Business won’t resist the urge to compete by externalising more costs than society and the environment can absorb. Changing this wouldn’t even be about changing laws, but enacting the laws that exist, in good faith. As long as your money is on the table for industry, as long as votes are on the table for any political party (and please vote!) the number of reasons anyone in the value chain has to genuinely transform it, is precisely zero.

We’re losing the Amazon at a rate of one stadium a minute. The smoke from the fire plunged Sao Paulo into darkness 2,800km away and is visible from outer space. I couldn’t see how “cutting back” on meat consumption would dent this crisis or alleviate the ecological domino effect this will have on human migration patterns and disease outbreak, so I withdrew my money. In the end, only 1% of the whole human population wins.

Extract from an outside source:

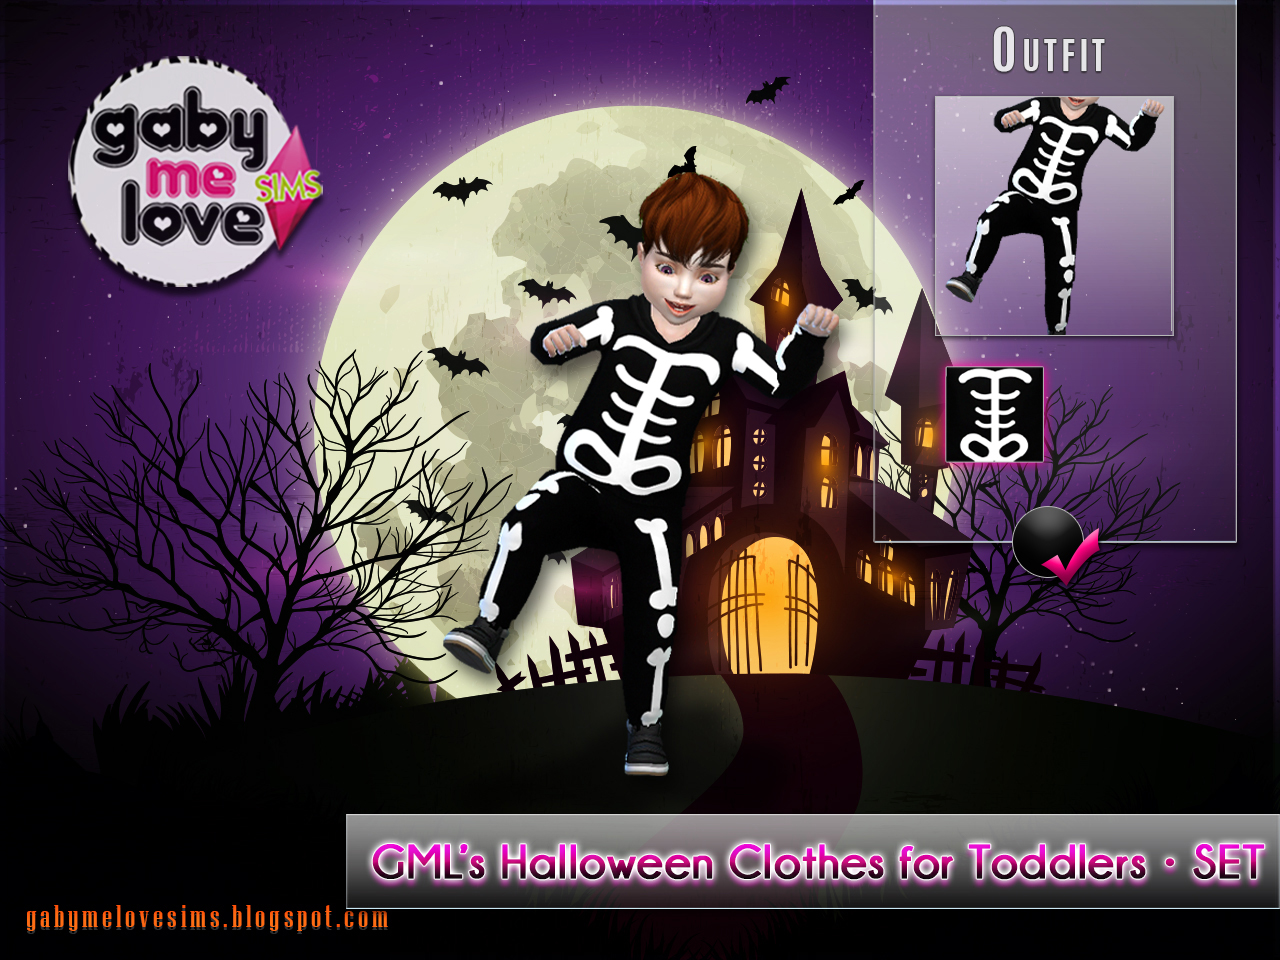 [Gabymelove Sims] GML’s Halloween Clothes for Toddlers • SET (2)
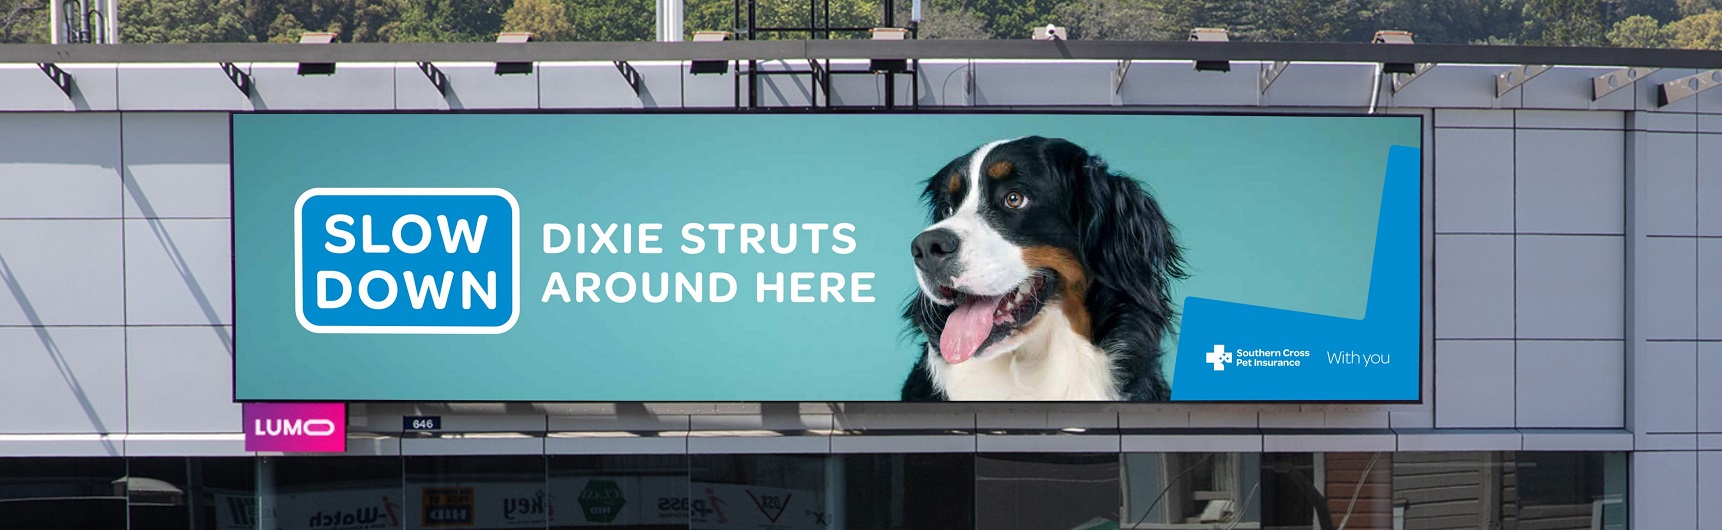 Photo of a billboard telling drivers to slow down and watch for pets

Please don’t take it for granted that captains of industry see their fate as joined to everyone else’s: if they could have tax havens to shield their finances from the risks all are exposed to as a result of their collusion with governments, then they’ve probably already got environmental havens for their bodies. For money serves the body, and no one protects his money unless he’s also made provision for the body that the money serves. The wealthiest counties are green enough (by design!) to externalise environmental impact costs on Africa and other places where brown-skinned people live.

Heed Greta Thunberg, climate activist: “Adults keep saying we owe it to the young people, to give them hope. But I don’t want your hope.

I want you to panic.

I want you to feel the fear I feel every day.

I want you to act.

I want you to act as you would in a crisis.

I want you to act as if the house is on fire.